**What you need to do:**
Once the line with "Là, les villages" is found, repeat it and all later lines exactly through the end of the listing below, with the pictures left out.

**Recorded data:**

.....

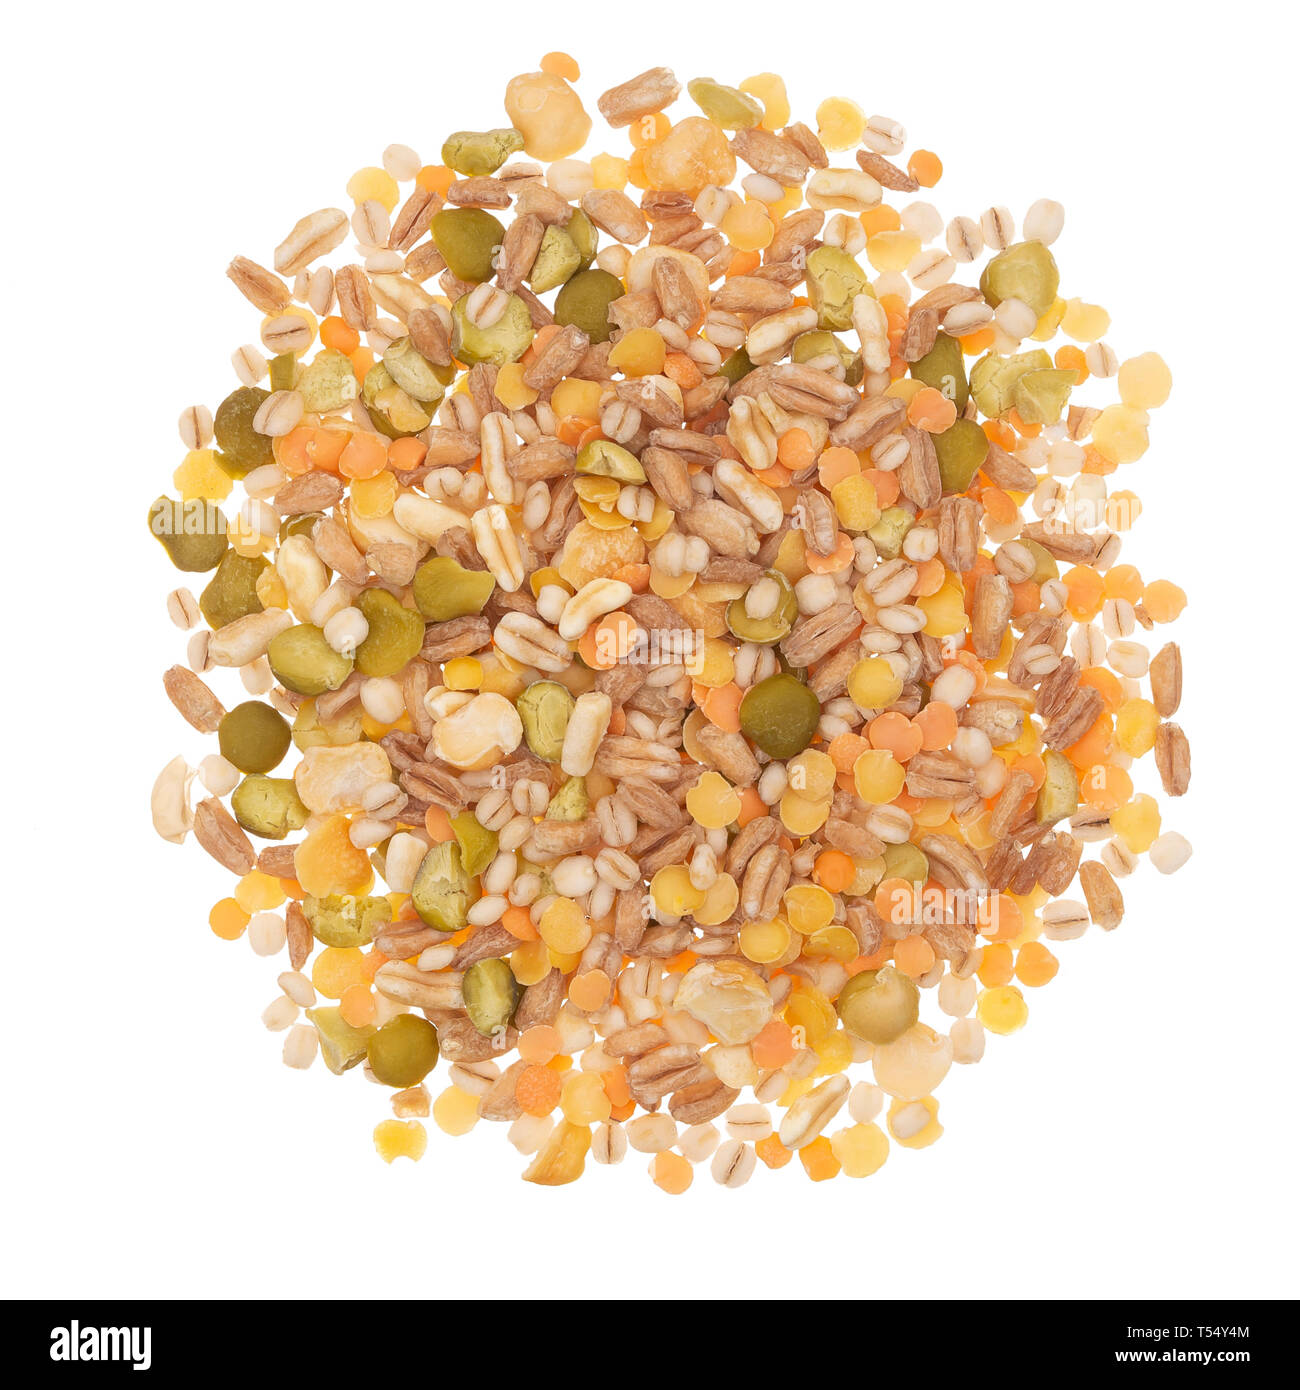 Getreide und Bohnen, Hülsenfrüchte mischen. Haufen, auf weißem Hintergrund. Stockfoto
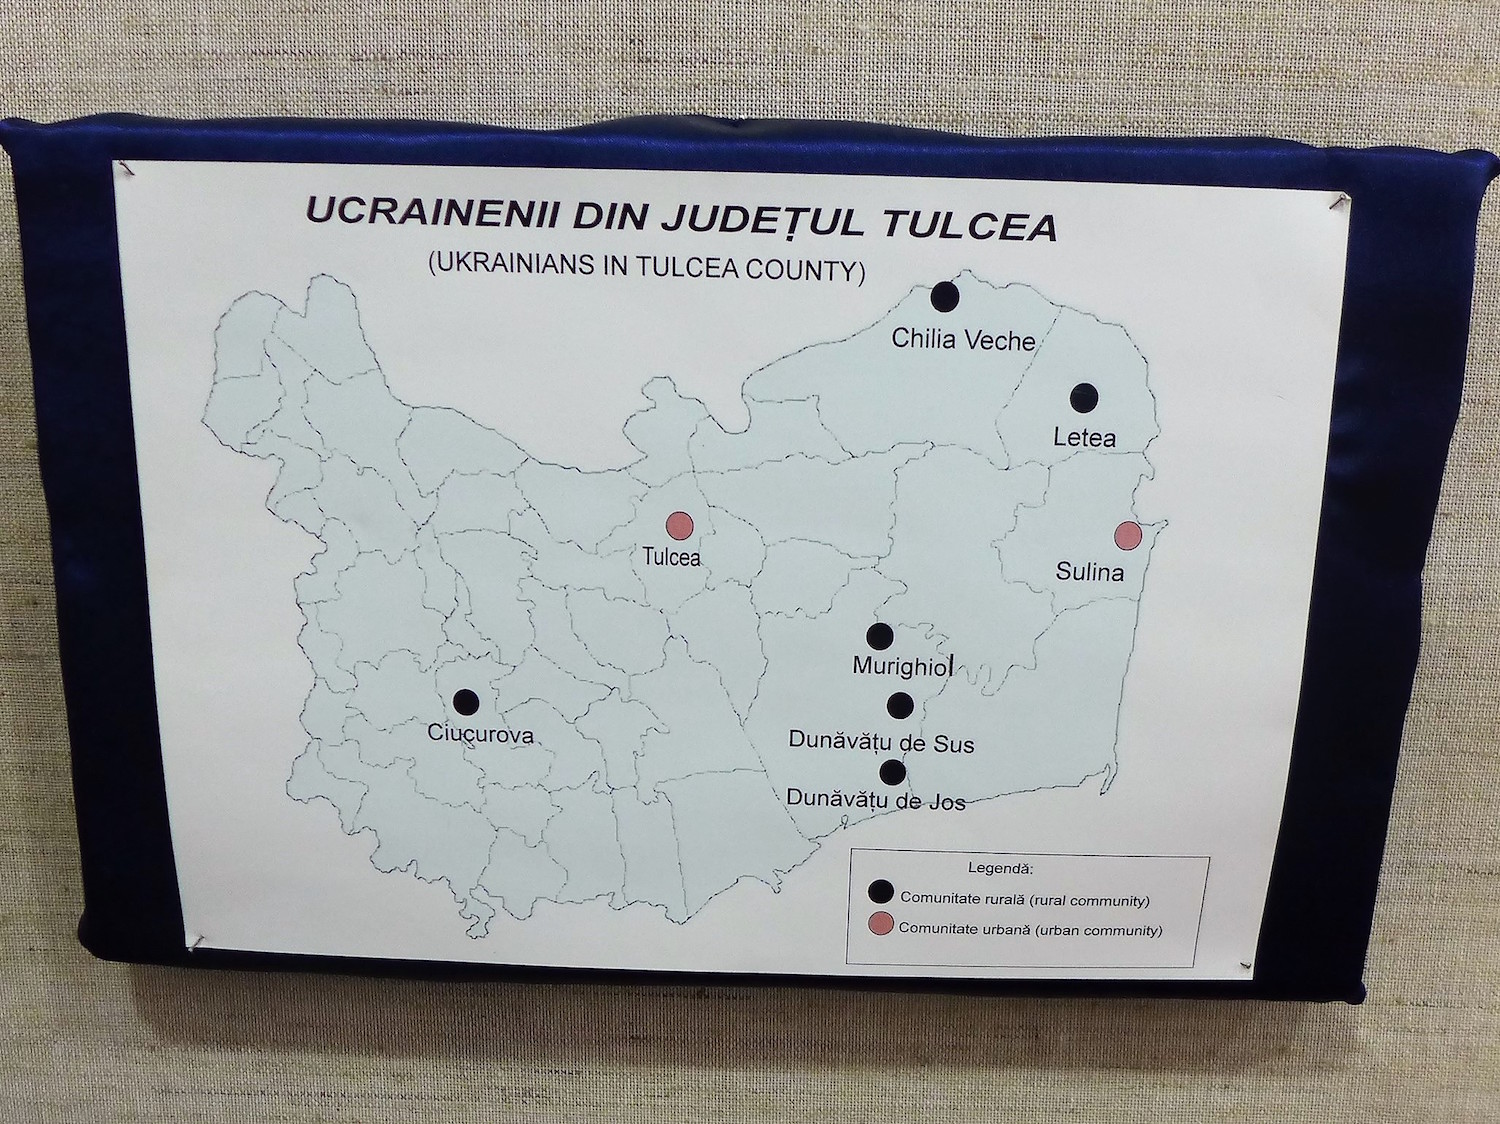 Là, les villages où on trouve des Ukrainiens.
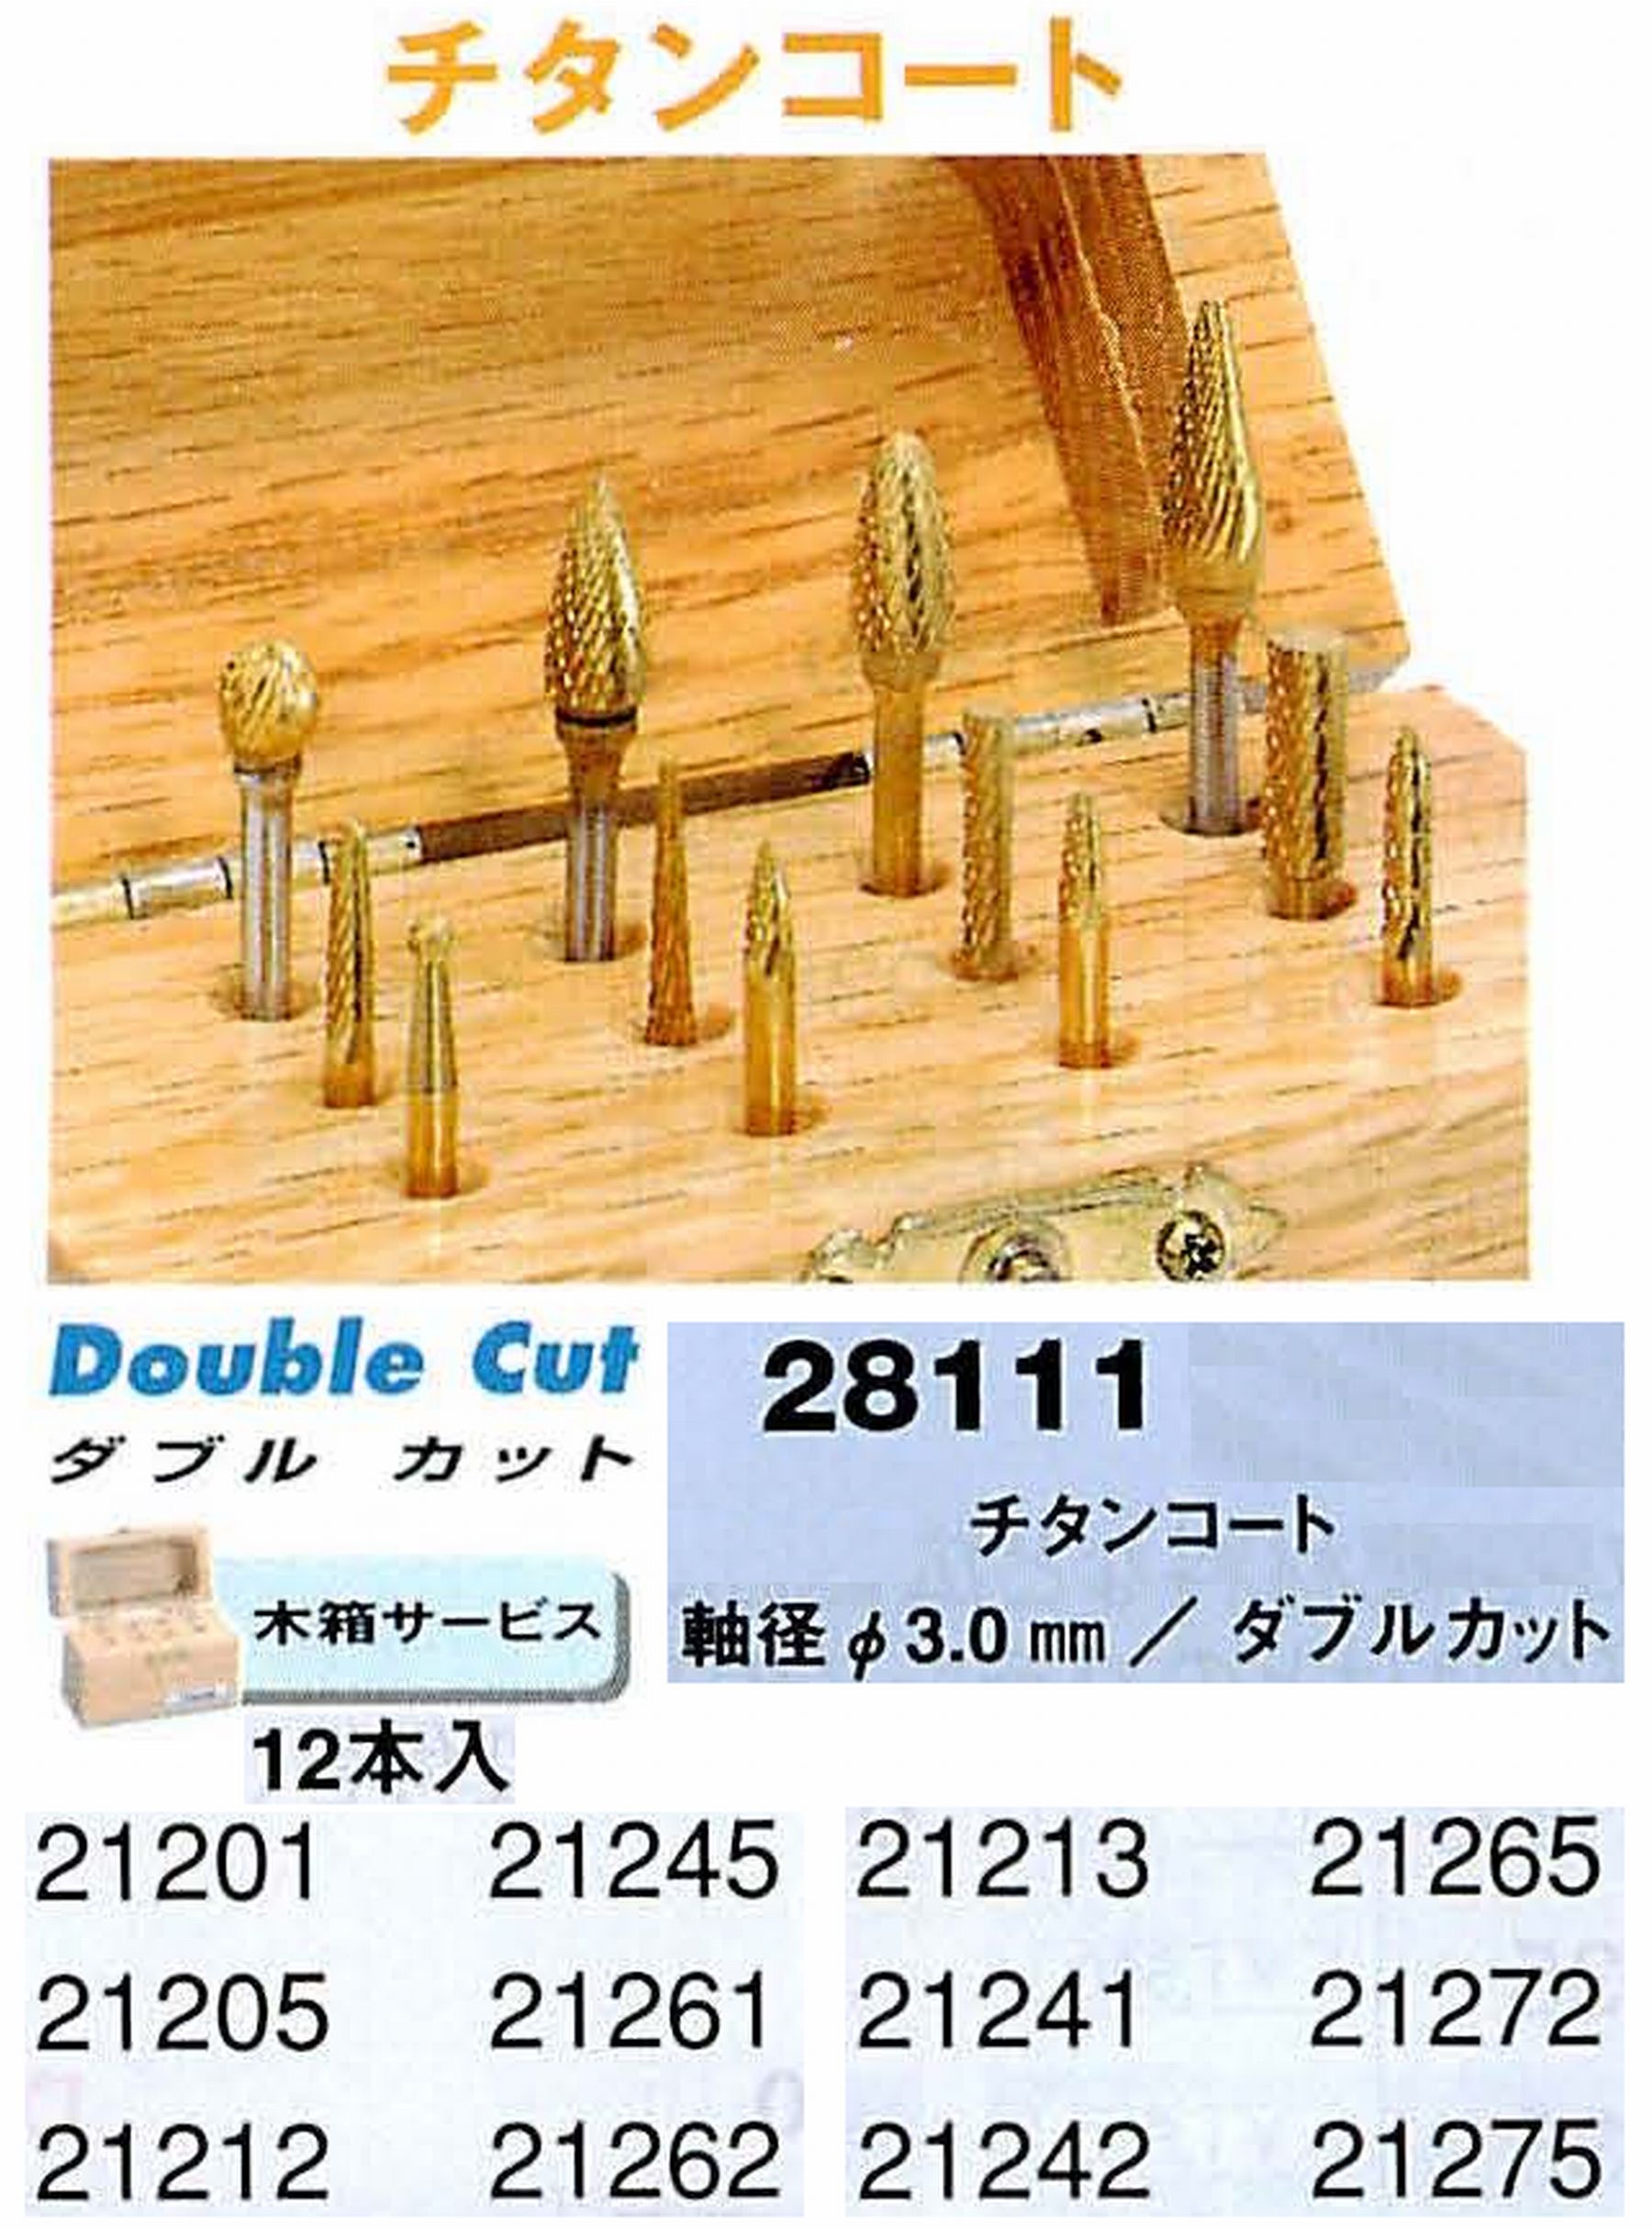 ナカニシ/NAKANISHI 超硬カッターチタンコート アソートセット 軸径(シャンク)φ3.0mm 28111

.....

**Solution to this exercise:**
 Là, les villages où on trouve des Ukrainiens.
 ナカニシ/NAKANISHI 超硬カッターチタンコート アソートセット 軸径(シャンク)φ3.0mm 28111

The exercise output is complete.